Re: Pgoutput not capturing the generated columns - Mailing list pgsql-hackers

From Peter Smith
Subject Re: Pgoutput not capturing the generated columns
Date
Msg-id CAHut+Pvqb5sTna2bOSFSMuqKH-qoZF4odvBFvfi+_zLqHcE3AQ@mail.gmail.com
Whole thread Raw
In response to Re: Pgoutput not capturing the generated columns  (Shlok Kyal <shlok.kyal.oss@gmail.com>)
Responses Re: Pgoutput not capturing the generated columns
List pgsql-hackers
Hi,

Here are some review comments for patch v5-0001.

======
GENERAL G.1

The patch changes HEAD behaviour for PUBLICATION col-lists right? e.g.
maybe before they were always ignored, but now they are not?

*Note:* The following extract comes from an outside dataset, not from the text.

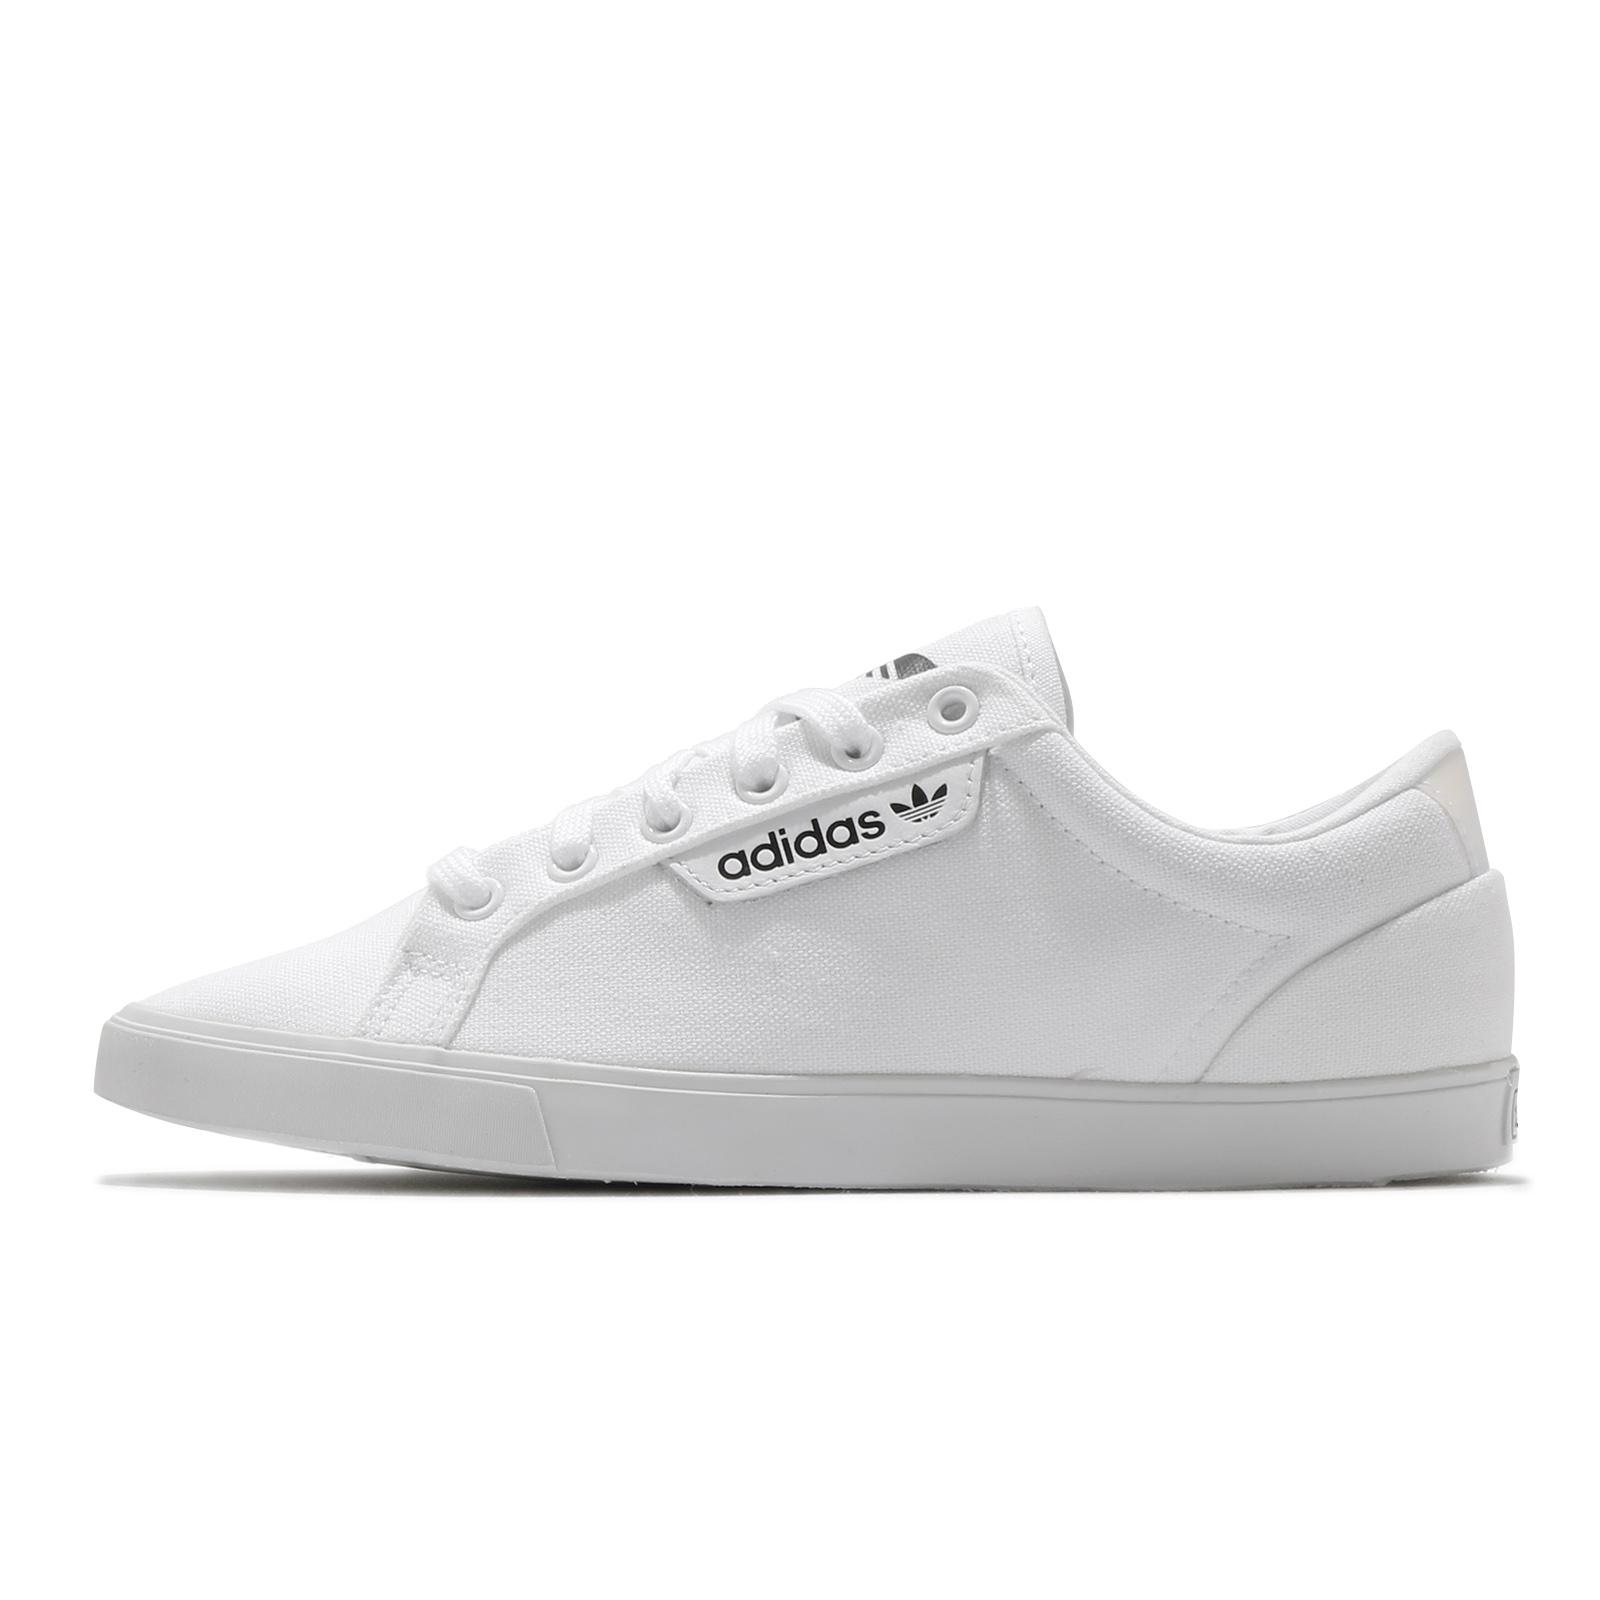 adidas 休閒鞋 Sleek Lo 白 黑 女鞋 帆布 小白鞋 三葉草 愛迪達 【ACS】 FV0742

OTOH, when 'include_generated_columns' is false then the PUBLICATION
col-list will ignore any generated cols even when they are present in
a PUBLICATION col-list, right?

These kinds of points should be noted in the commit message and in the
(col-list?) documentation.

======
Commit message

General 1a.
IMO the commit message needs some background to say something like:
"Currently generated column values are not replicated because it is
assumed that the corresponding subscriber-side table will generate its
own values for those columns."

~

General 1b.
Somewhere in this commit message, you need to give all the other
special rules --- e.g. the docs says "If the subscriber-side column is
also a generated column then this option has no effect"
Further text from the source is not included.